Moreover the DMA controllers have been used to improve the data movement between internal and external memory during the motion compensation process. The performance has been improved a 5% in average. 
IV. TESTS
A set of tests has been carried out to verify the decoder conformance and to measure its performance. The test-bench is shown in Fig. 1-a. First, a test stream is read from a file and written into a stream buffer allocated in external memory. Then, the decoder reads the stream from this memory, decodes it on a picture basis and writes the decoded picture into a buffer. The picture is also written into a file.
The test-bench has been executed in the prototype board used in PccMute project (see Fig. 1-b ). This prototype is based on a commercial board [15] that contains the processor mentioned in section III.A. In order to assess the decoder performance with the testbench depicted in Fig. 1 , several well-known video sequences (Foreman, News, Stefan, Mobile, etc.) have been encoded using a commercial H.264/SVC encoder [16] . Three 9-layer streams have been generated for each sequence. The layer structure of each stream consists of all the possible combinations among three spatial resolutions (CIF, QCIF, and subQCIF) and three frame-rates (24, 12, and 6 fps). In addition, each sequence has been encoded with three bit-rates (0.5, 1.0, and 2.0 Mbps).

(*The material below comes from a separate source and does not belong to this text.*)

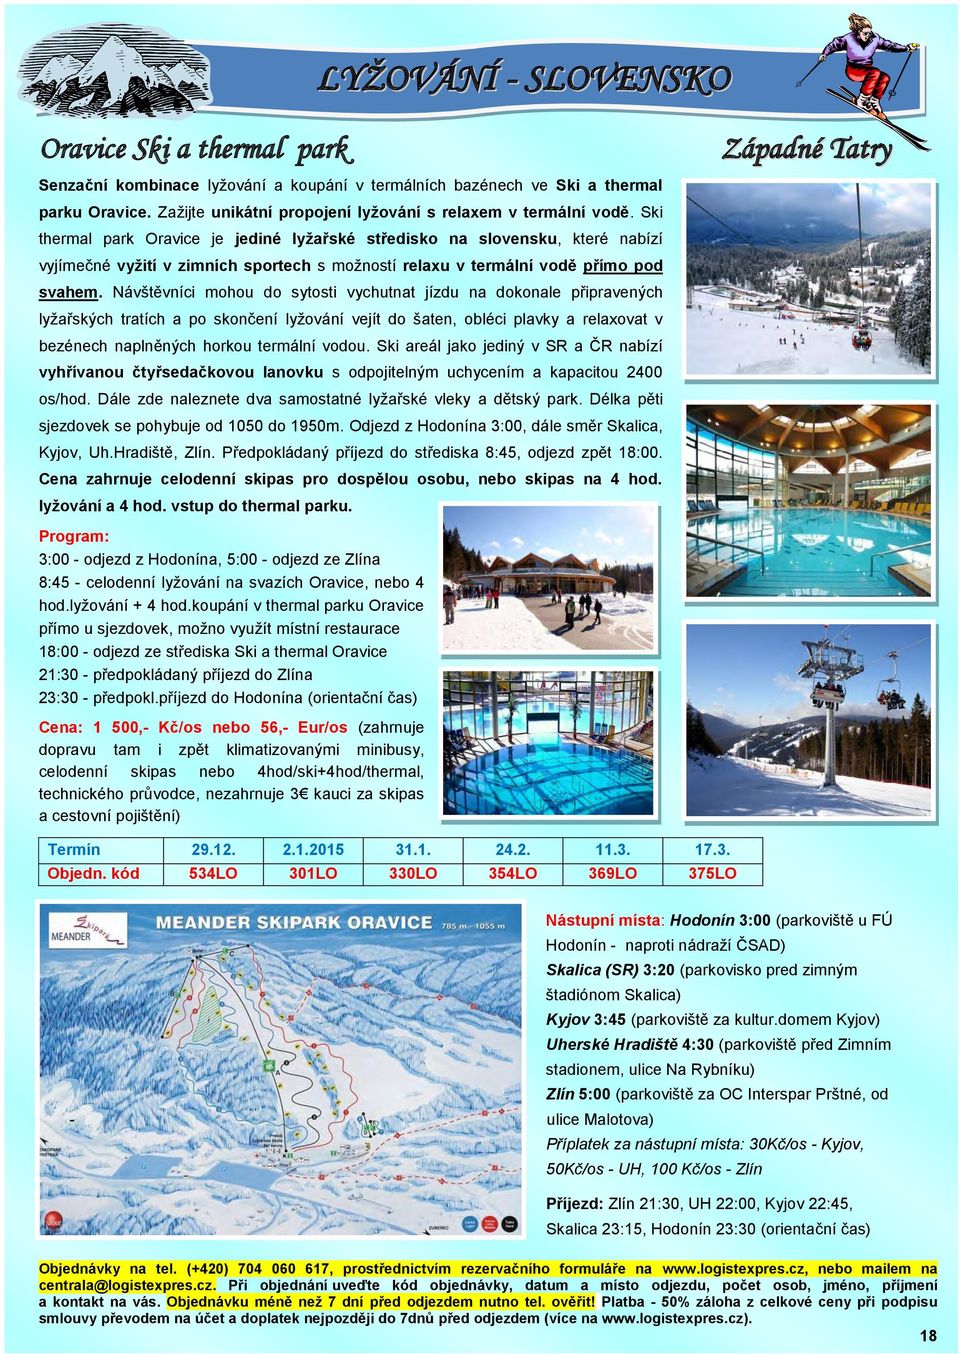 Ski thermal park Oravice je jediné lyžařské středisko na slovensku, které nabízí vyjímečné vyžití v zimních sportech s možností relaxu v termální vodě přímo pod svahem.

As far as the codec parameters to generate the test sequences concern, the GOP size equals 16 progressive frames, the CABAC is used for entropy coding, the deblocking filter is active, all possible macroblock partitions are enabled for inter-prediction, three reference frames are allowed, and 3 B-frames are coded for each I-frame. Table II contains the profiling results for the Foreman sequence using the un-optimized and optimized decoder versions. This sequence is the worst case among the tested streams. Table II shows the CPU percentage of usage when the decoder extracts each layer of the test sequence. These results have been obtained using a DSP working at 470 MHz. In the columns associated with the optimized version the percentage of improvement is included between brackets. These results demonstrate that real time performance has been achieved for all the layers of the generated streams except for the more complex layer (24 fps, CIF and 2Mbps). 

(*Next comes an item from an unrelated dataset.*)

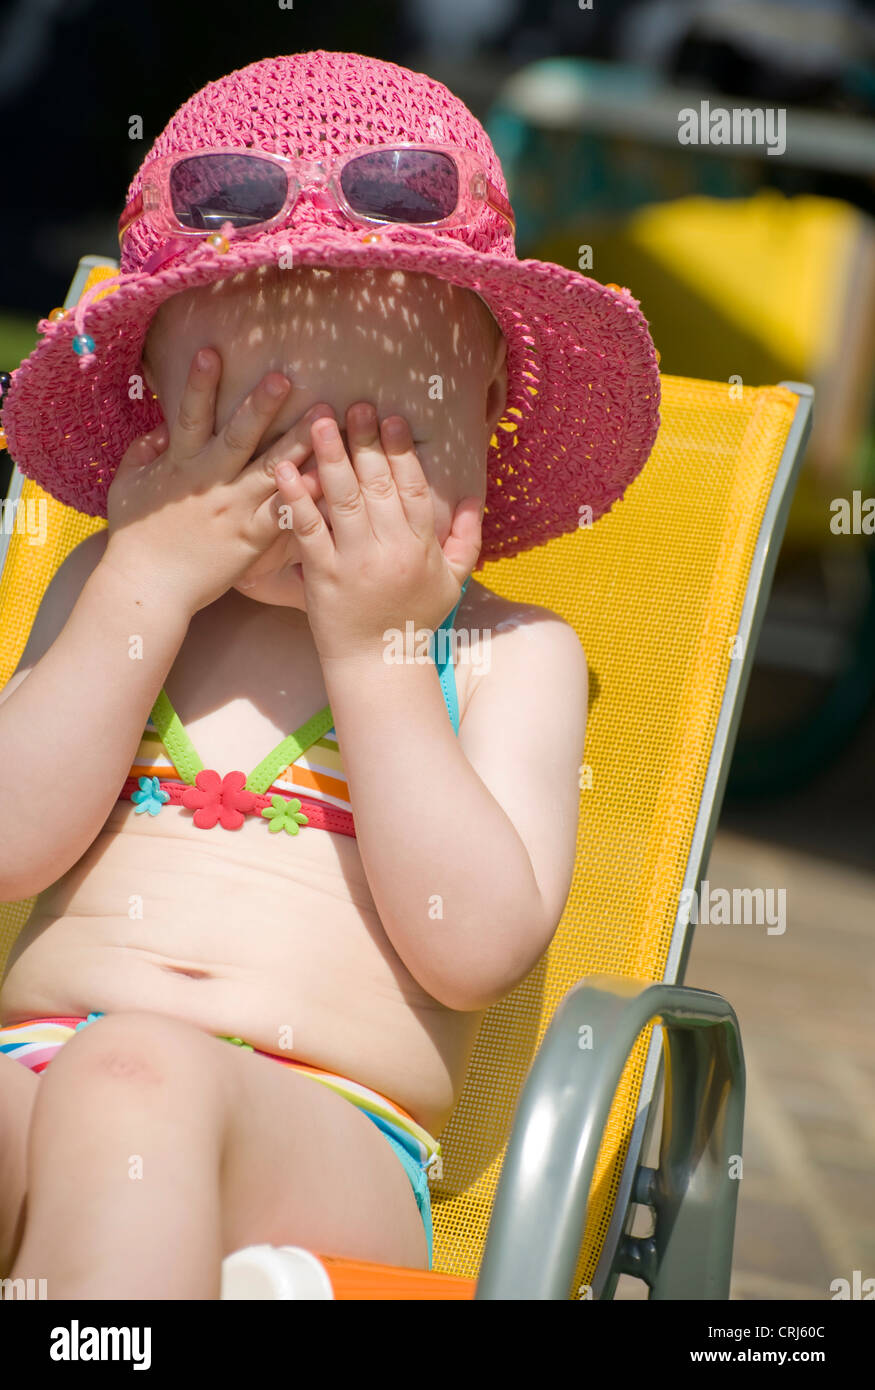 Niñas pequeñas en bikini fotografías e imágenes de alta resolución - Alamy

V. CONCLUSION & FUTURE WORK
An H.264/SVC has been implemented by porting the Open SVC Decoder software from the PC to the DSP environment. Some optimizations techniques have been applied to reach real time performance for CIF sequences. In near future other techniques will be applied. Up to the best of our knowledge, no other H.264/SVC decoder based on DSP has been reported. This optimized decoder will be used in a multimedia terminal to trade-off between quality and energy consumption.